Ты угадал все даты. «10 лет, иначе нас сомнут». Так и случилось. Тебя уверяли — надо продолжать НЭП, надо идти медленно, надо, наконец, насытиться. Ты же сказал «нет». И повел народ дальше по пустыне коллективизации.
А потом ты вступил в схватку со всем континентом. Он был сильнее. Клетка для тебя была уже совсем рядом. И ты не уехал в Куйбышев. Твоя воля, неумолимая, несокрушимая, беспощадная ко всем и всему, и к себе в первую очередь, преодолела волю европейской империи.
А потом ты не повел ни одним мускулом, когда самодовольный и наглый Трумен сказал тебе об атомной бомбе.
И снова вверх потянул страну — убитую, разрушенную, дымящуюся — к новому свершению и новому рубежу. И появилась наша бомба. И благодаря этому мы и сейчас живы.
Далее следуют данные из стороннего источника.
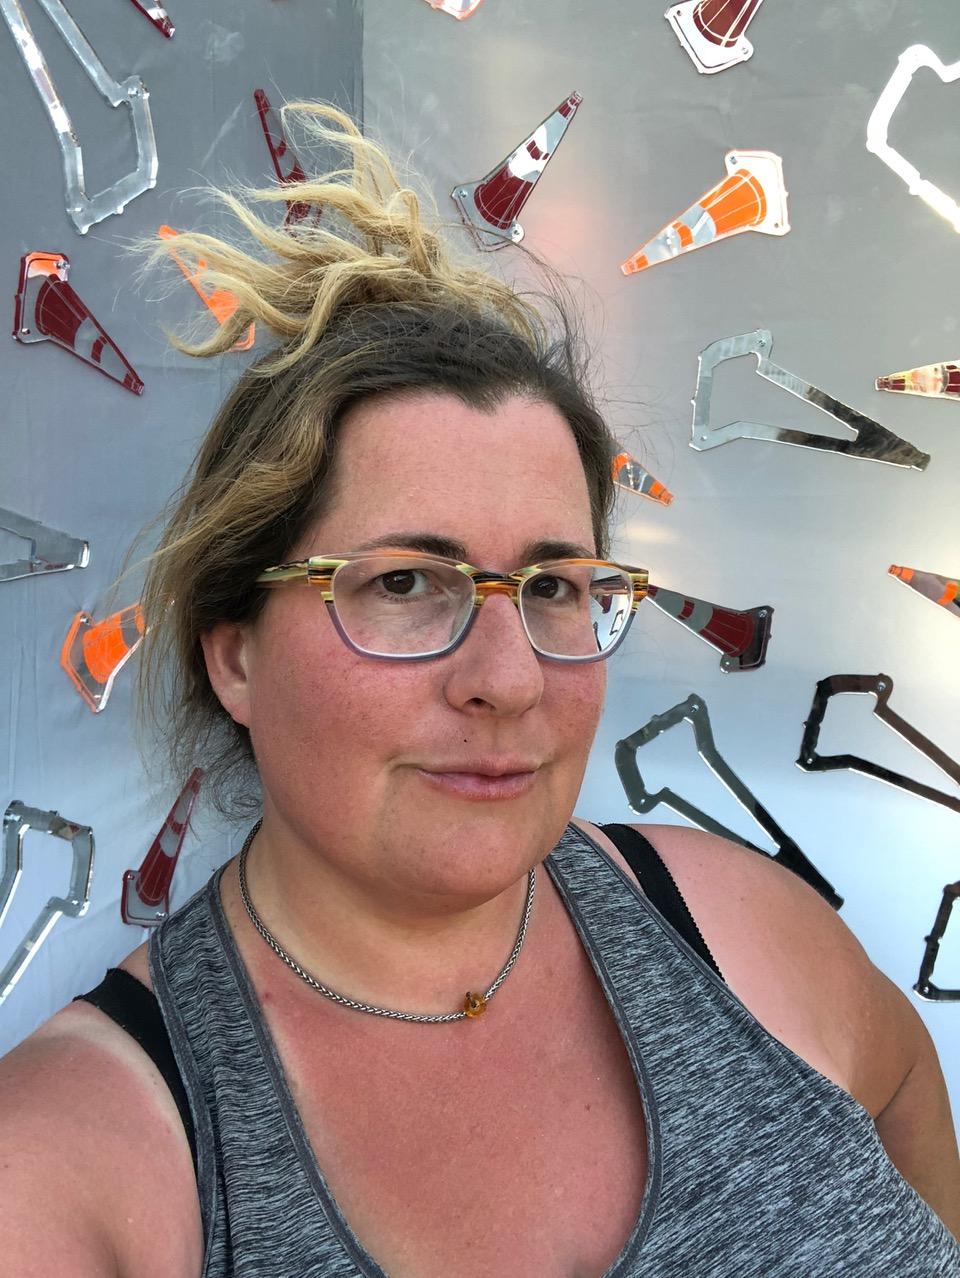 Maker Spotlight: Hapto, AKA Sarah Davitt

Ты всем знал цену. Ты сказал — «без меня империалисты вас передушат как котят». Ты знал, что все те, кто вокруг тебя, предадут и оплюют тебя. Что они захотят все свои грехи, свою трусость, липкий страх перед тобой выкинуть в твою могилу. Ты взял это на себя.
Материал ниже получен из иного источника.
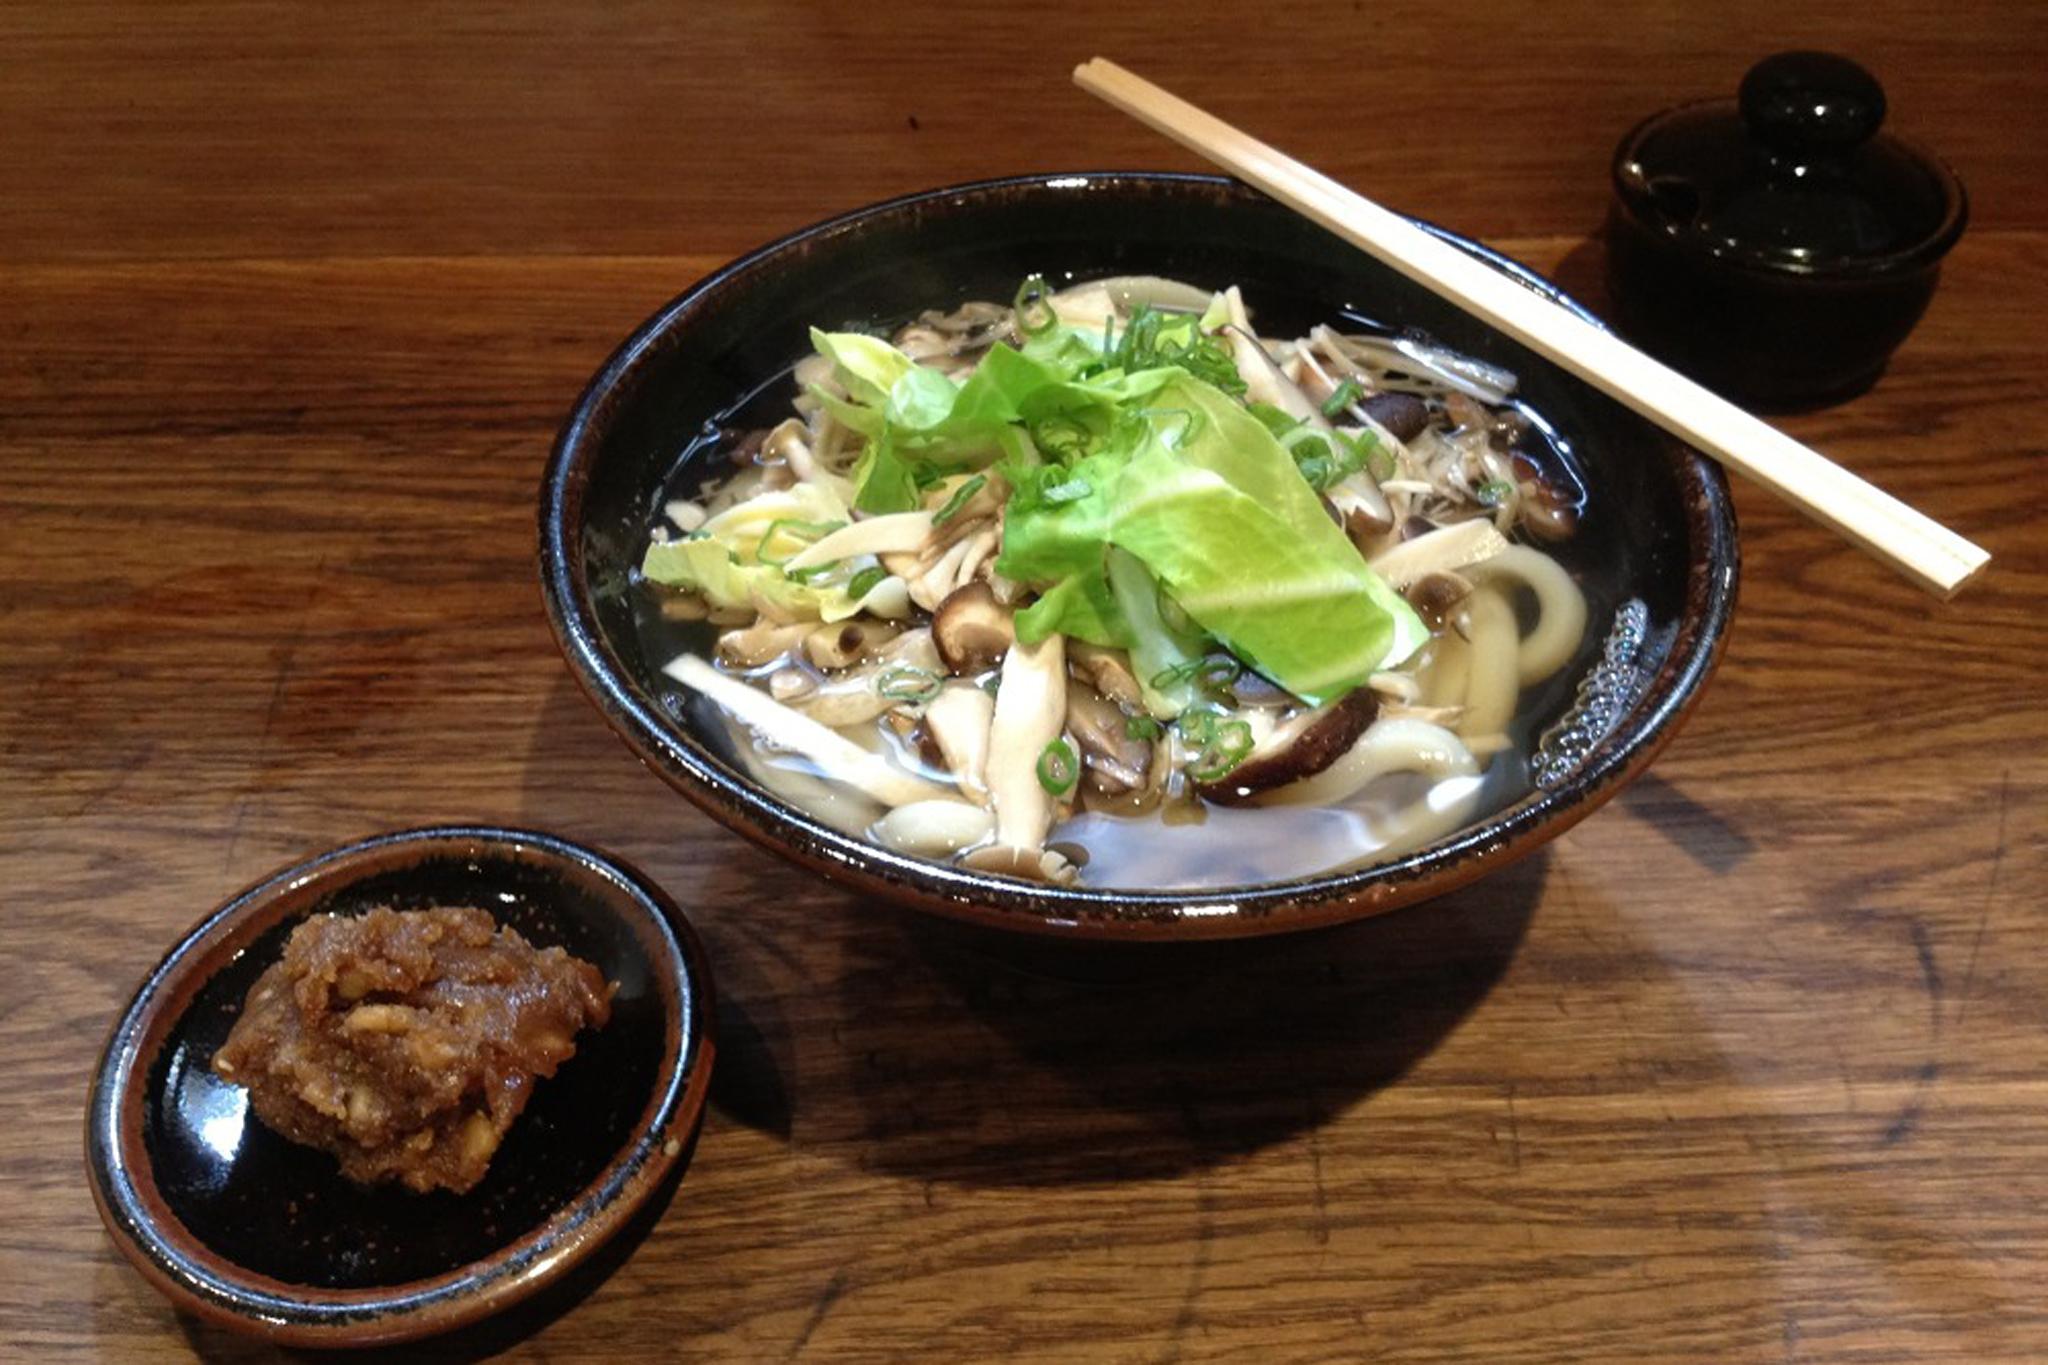 Walnut miso udon at Koya

Ты стал владыкой полумира. От Берлина до Пекина — десятки народов молились на тебя.
А потом все рухнуло.
Сегодня твоя любимая
Украина, которую ты, как младенца, лелеял на своей больной руке — стала чудовищем.
Но в
Беларуси есть твоя Линия. И там твой бюст.
Я поклонюсь тебе, Вождь.
Я отвергаю всю клевету на тебя.
Выше тебя только Господь Бог.
Что сказал тебе Митрополит Гор Ливанских Илия в 45? Мы никогда не узнаем. Но, видимо, самое важное.
Патриарх Алексий отпел тебя как православного верующего. И сегодня я помолюсь об ушедшем Вожде нашем Иосифе.
А судить тебя только Господу. Возможно, ты продолжаешь с ним спор. Но точно — в раю.